# [HOW-TO] Unix Toolbox - dla początkujących

## Poe

myślę że pod poniższym linkiem wielu początkujących znajdzie rozwiązanie wielu bolączek (albo sklerotycy  :Wink:  )

http://cb.vu/unixtoolbox.xhtml

wszystko ładnie i przejrzyście.

----------

## sebas86

Bardzo fajna i przydatna rzecz, swego czasu miałem podobną mini ściągawkę w formie kartki A4 spoczywającej zawsze pod klawiaturą, niestety źródło przepadło gdzieś w odmętach czasu...

----------

## Pryka

nie lepiej przypiąć temat? Tak to zaraz przepadnie pod innymi

----------

## Poe

narazie przykleiłem, potem dodam to jeszcze do FAQ.

----------

## lazy_bum

Ja bym proponował dodać i/lub ruszyć jeszcze to.

----------

## Poe

ok, zrobie cos z w/w w weekend.

----------

## wierzba

Pomysł dobry  :Smile: 

Polecałbym jeszcze stworzenie posta z innymi przydatnymi linkami (np.
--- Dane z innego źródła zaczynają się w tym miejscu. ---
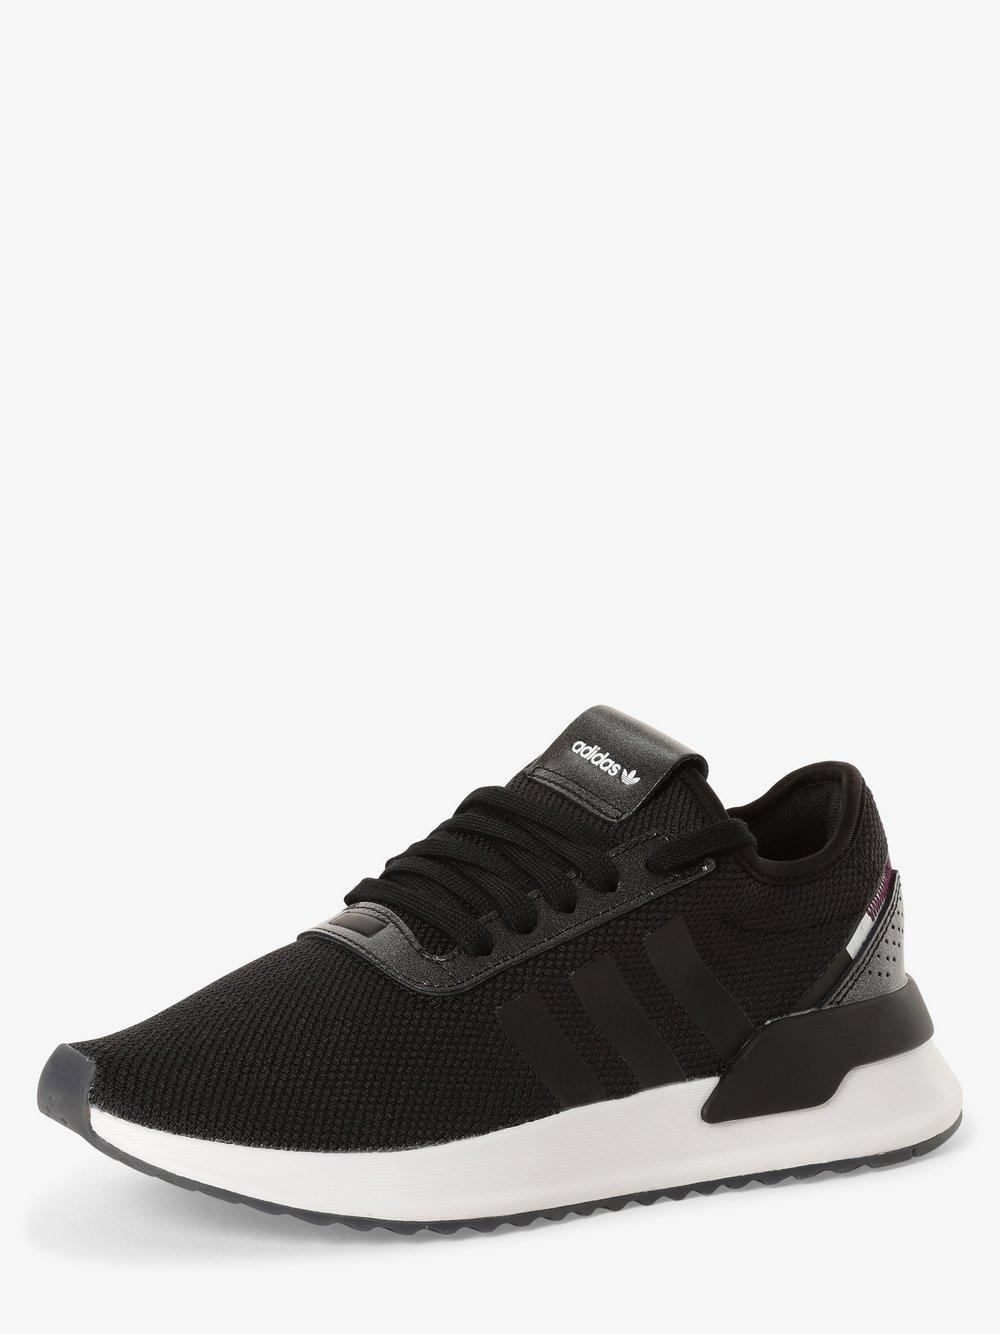 adidas Originals - Tenisówki damskie – ADIDAS UK DOB, czarny
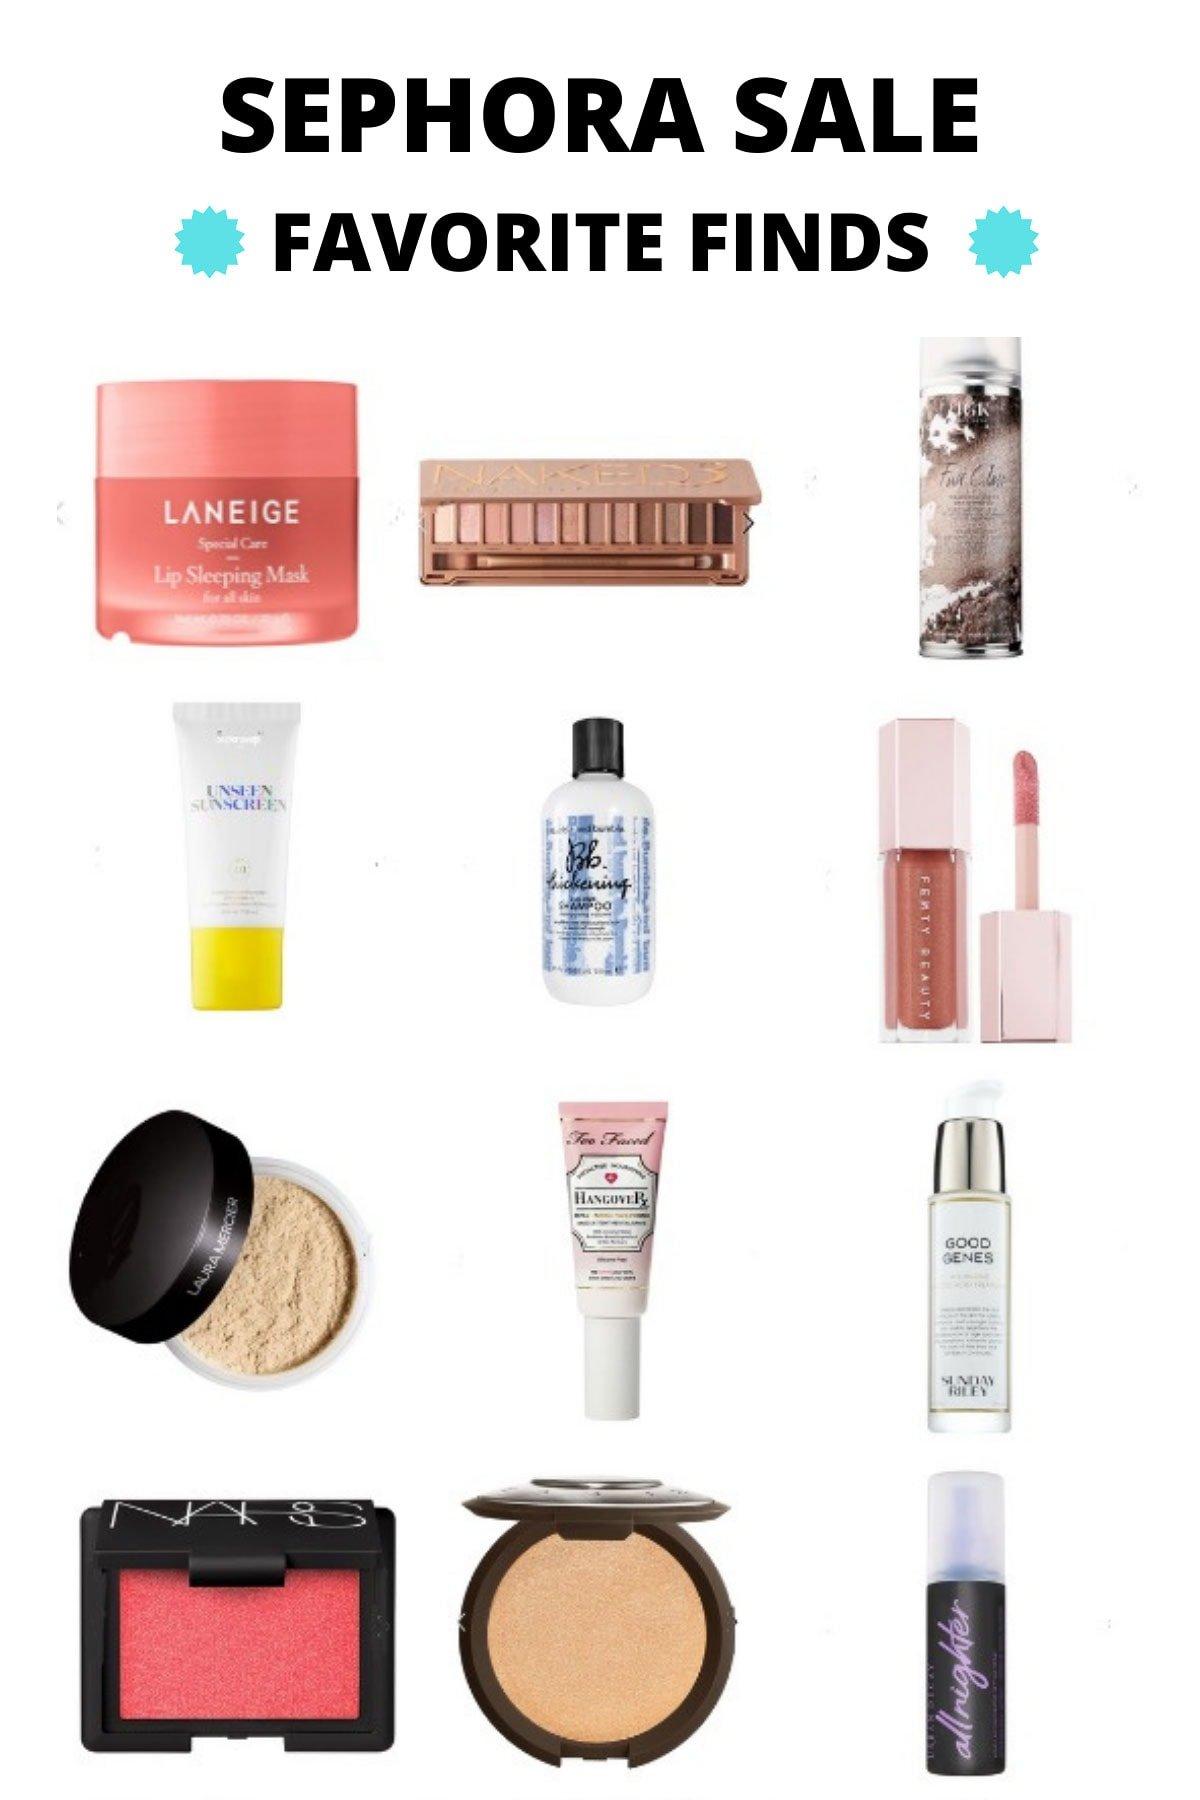 Un collage de objetos de Sephora
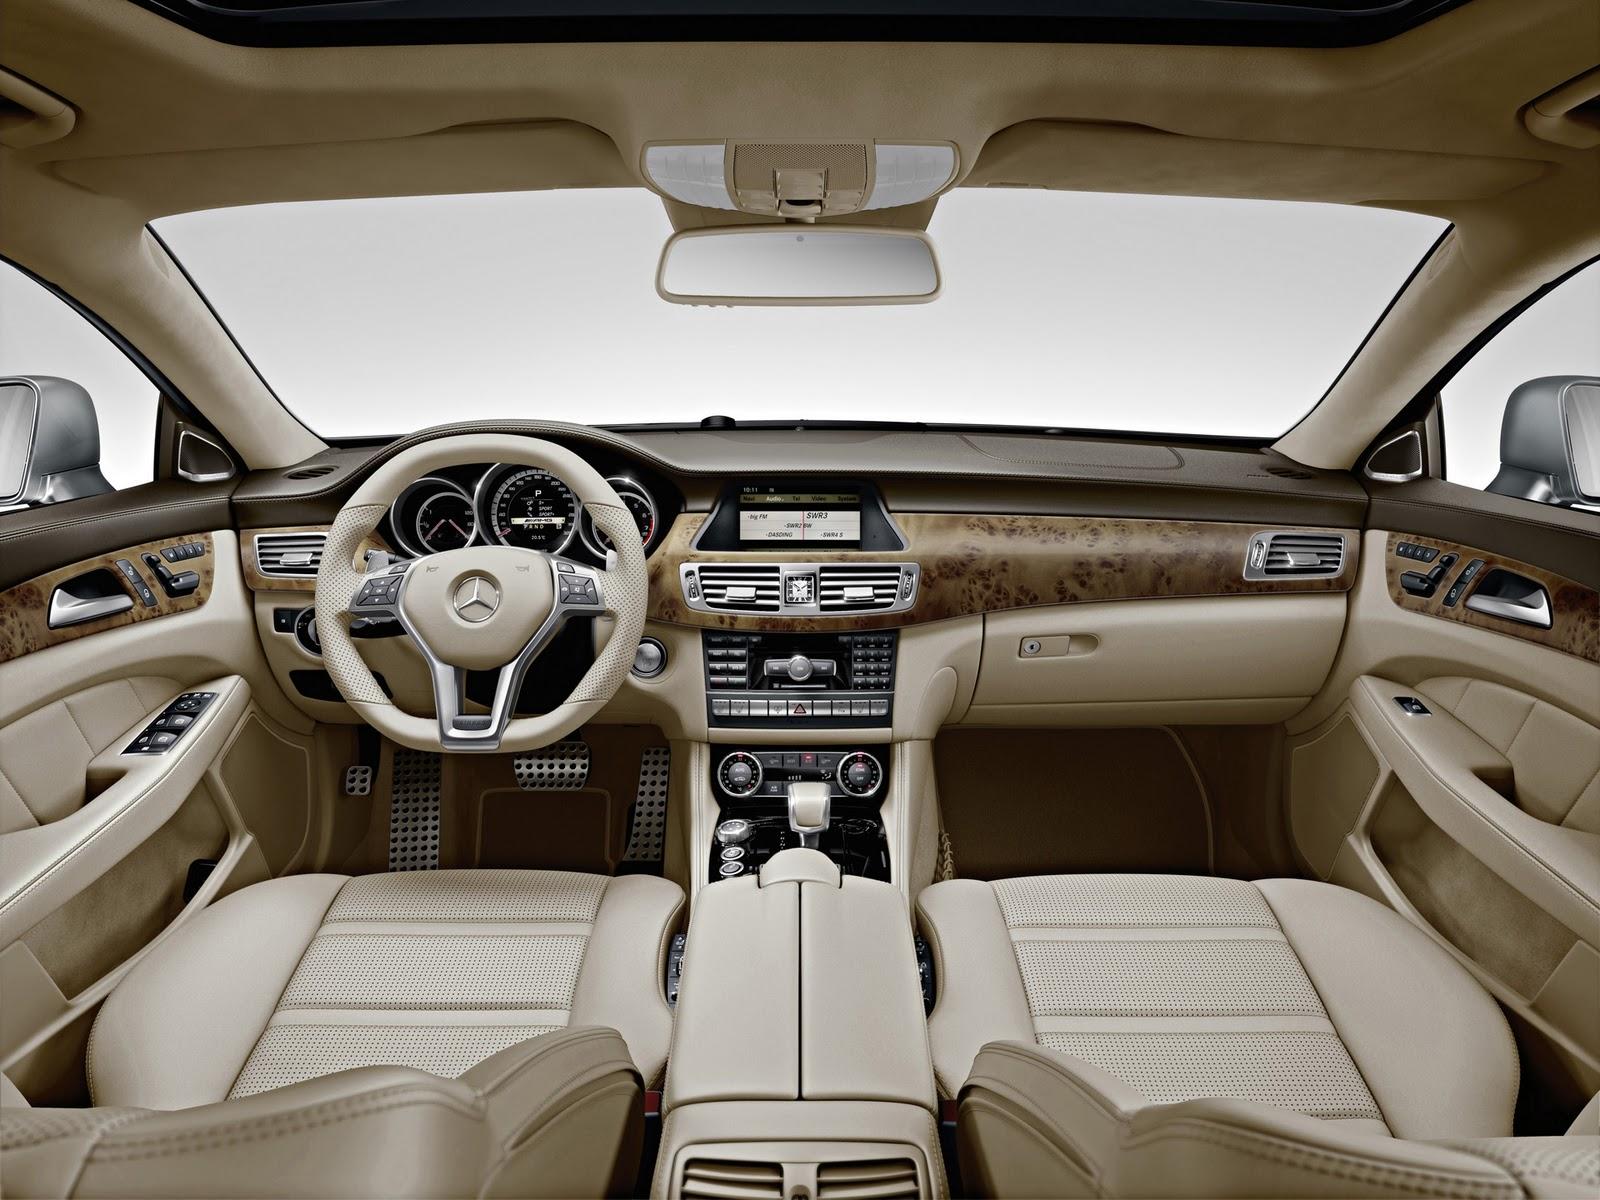 http://1.bp.blogspot.com/_viCh1SFyGrA/TO1uxaB5rsI/AAAAAAAAAJY/h7J_mStN2e4/s1600/2011-Mercedes-Benz-CLS-63-AMG-Dashboard-2-1920x1440.jpg
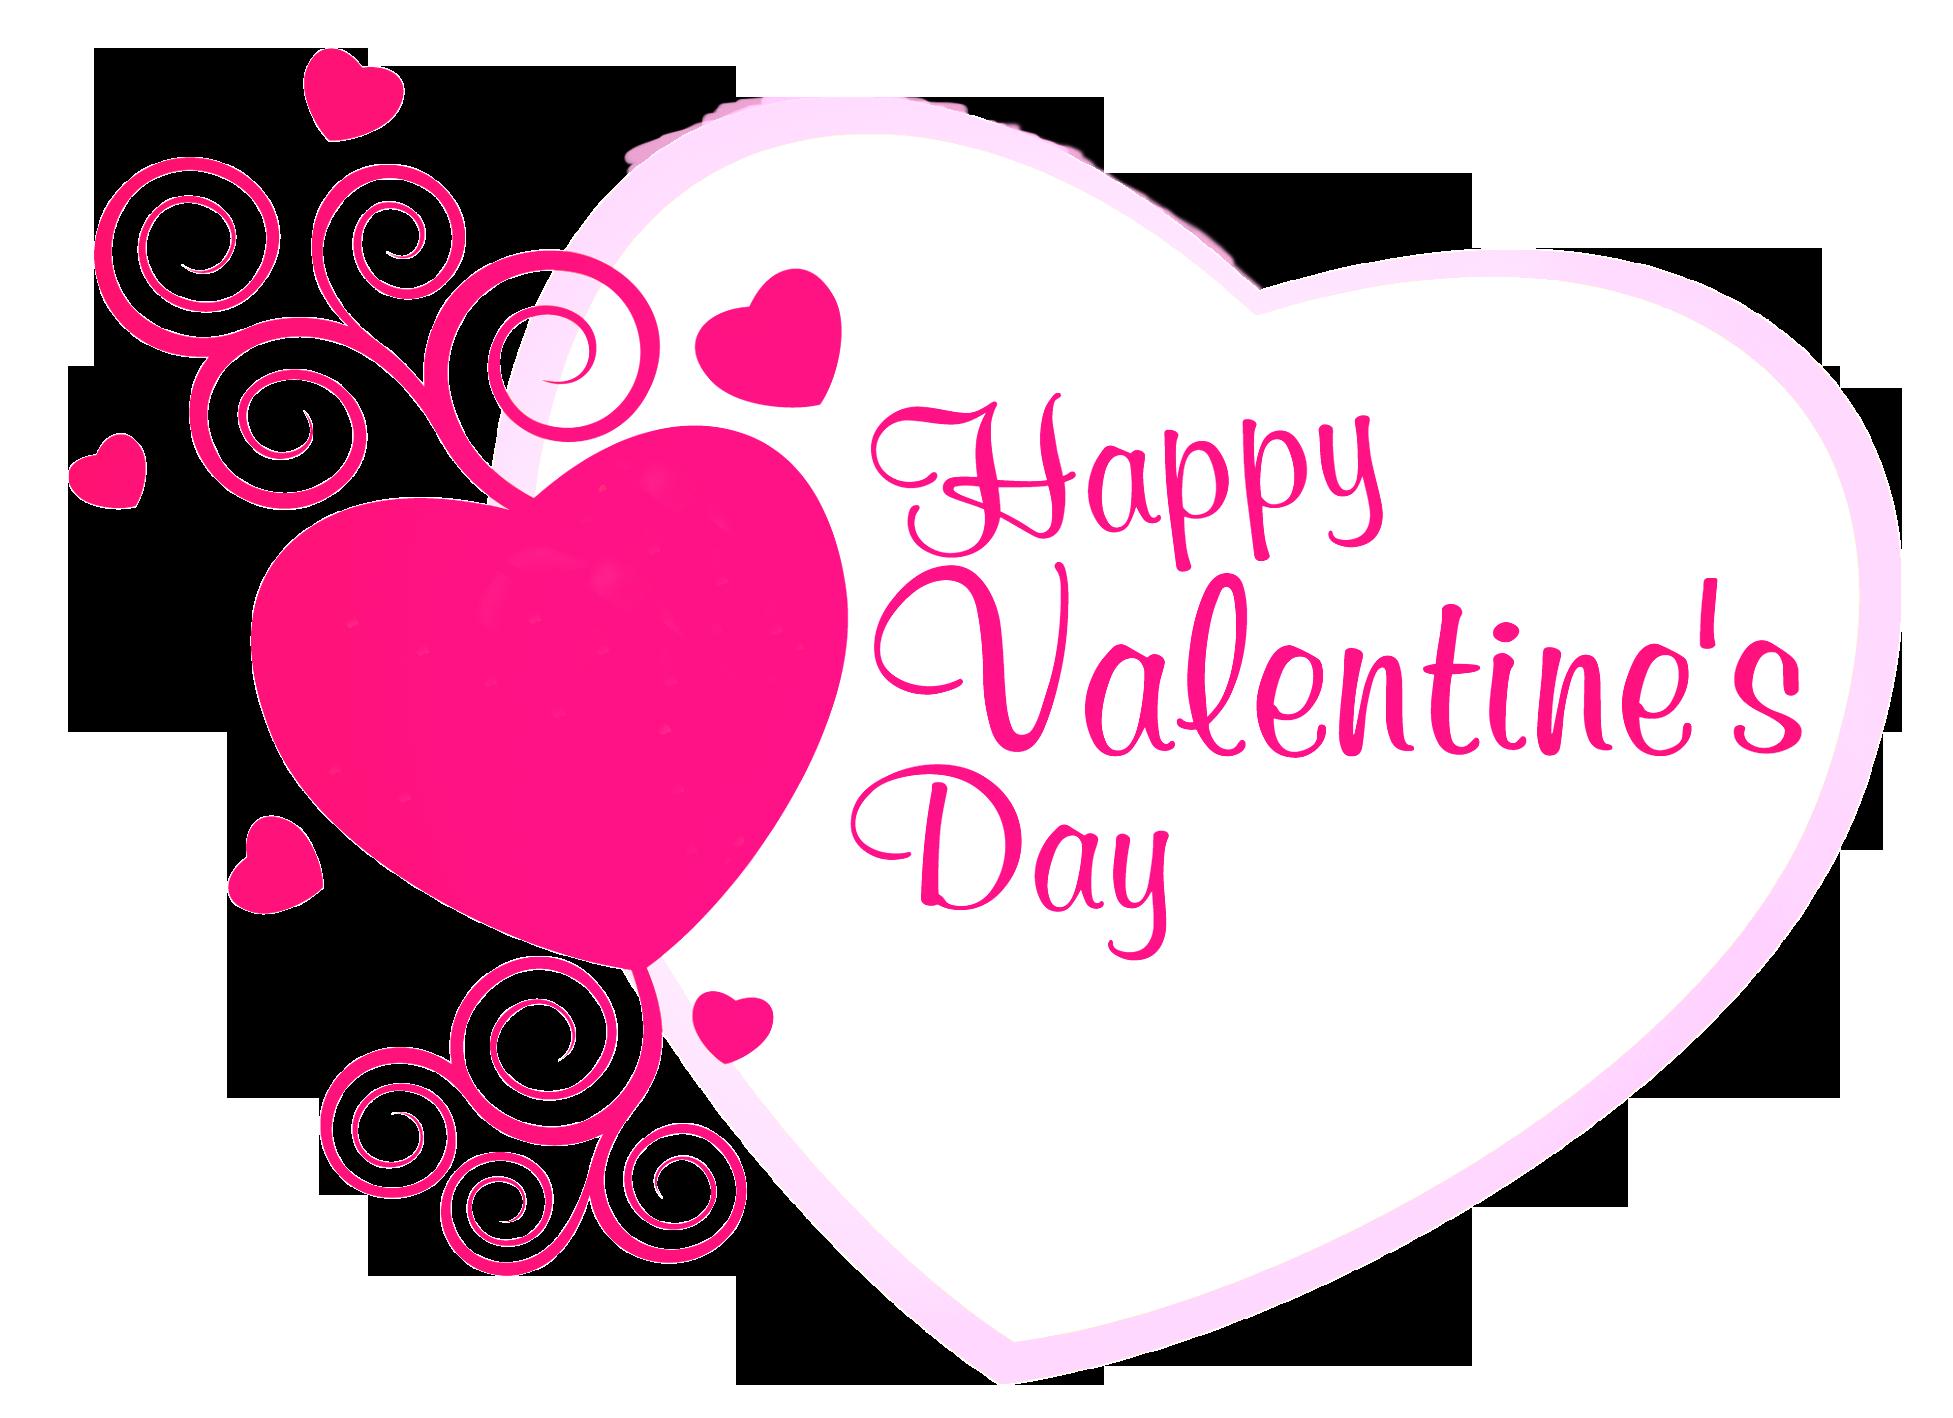 Valentines day hearts happy .-Valentines day hearts happy .-7

Unix Commands, link do jakiś podstawowych how-to i podstawowych informacji na temat *nix). 

Swoją drogą każda taka stronka wnosi coś nowego... można czasami zobaczyć jak coś zrobić na inny sposób.

----------

## v7n

http://tnerual.eriogerg.free.fr/vim.html

----------

## eellvveenn

 *sebas86 wrote:*   

> swego czasu miałem podobną mini ściągawkę w formie kartki A4 spoczywającej zawsze pod klawiaturą,

 

HEHEHE,ciężko to -> http://cb.vu/unixtoolbox.xhtml zmieścić na kartce a4,aż tak dobrego wzroku nie mam  :Smile:  . 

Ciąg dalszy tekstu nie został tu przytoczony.